In the mass appraisal of personal property, the assessor rarely has the time or resources necessary to process and analyze the three approaches to value for the multitude of personal property items that must be declared and assessed. Therefore, a strong reliance is placed on the modified cost approach. This approach . . . has the benefit of being easy to administer with the resulting market value estimates being verifiable via the audit process. By incorporating a fixed depreciation schedule into the Connecticut General Statutes, the 1990 General Assembly explicitly endorsed the modified cost approach with regard to the valuation of manufacturing machinery and equipment.
(Defendant's Exhibit G, p. 10-7.)
The modified cost approach is explained in the assessors' handbook as follows: "[T]he acquisition cost of personal property items is adjusted to reflect accrued depreciation . . . [T]his adjustment is accomplished via use of depreciation schedules." (Defendant's Exhibit G, p. 10-8.)
J.C. Penney objects to the assessor's valuation, which was calculated under the modified cost approach under the mass appraisal process, because J.C. Penney claims that this valuation was not based on market value as required by § 12-63(a).
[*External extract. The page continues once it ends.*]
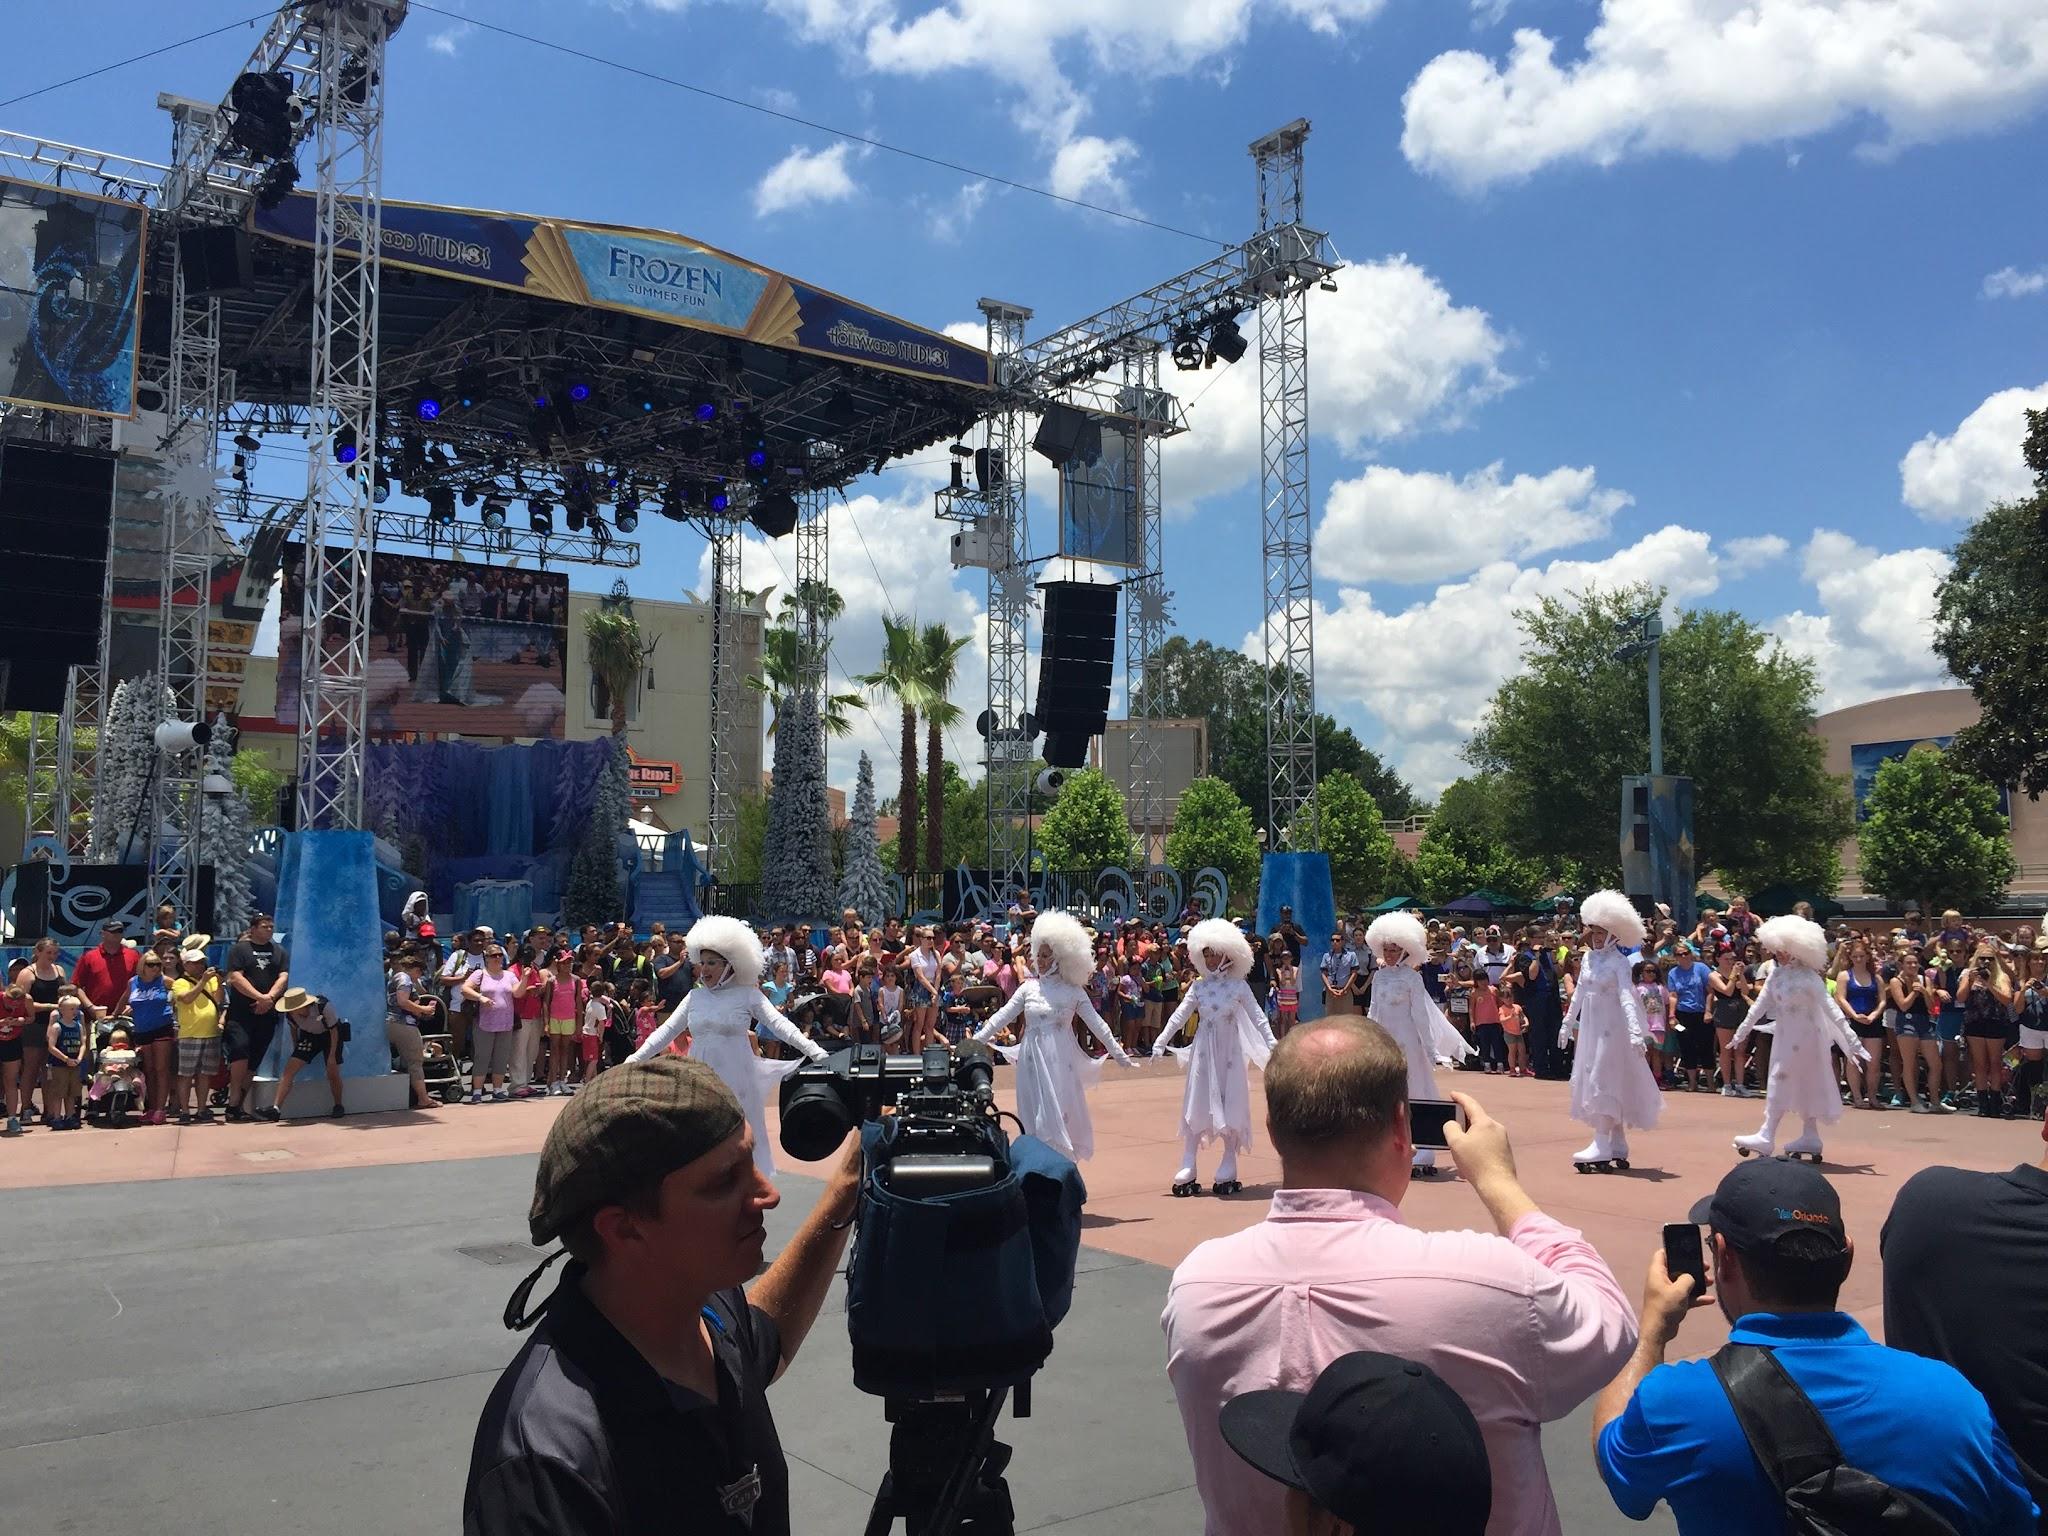 2015 Frozen Summer Fun Starts At Disneys Hollywood Studios

However, J.C. Penney's own appraiser, Katz, acknowledged that in doing his research for comparables for each of J.C. Penney's assets, that if no comparables were available, he used the cost approach. Katz further related that comparables that he did use were based on the opinions of dealers in the stock and that these dealers were relying on what they were offered for the item, not what the stock actually sold for in the market.
There is nothing improper in the use of a mass appraisal process where the appraisal is based on one or all of the three recognized methods of valuation, i.e., cost, comparable sales and income. In Nolan v. City of Milford, 92 Conn.App. 607, 886 A.2d 493 (2005), the plaintiff property owner objected to the assessor's reliance on the mass appraisal for valuing property for assessment purposes claiming that the mass appraisal process was unreliable. In rejecting this argument, the court noted that the admission of an appraisal report implicates the trial court's discretion to admit evidence and determine what weight to give to such evidence. See id., 610-11.
In the present case, the assessor used the modified cost approach taking into consideration the actual cost of the assets and the depreciation value. This process implicates the cost approach which is universally accepted as a reliable method of valuation. See Abington, LLC v. Avon, 101 Conn.App. 709, 711-12 n. 4, 922 A.2d 1148 (2007).
J.C. Penney's failure to file a declaration with sufficient facts upon which the assessor could base his determination of value requires the assessor to act upon the best information available to him, and under these circumstances, the plaintiff cannot complain. See Xerox Corp. v. Board of Tax Review, supra, 240 Conn. 205.
Accordingly, judgment may enter in favor of the defendant, dismissing this appeal, without costs to either party.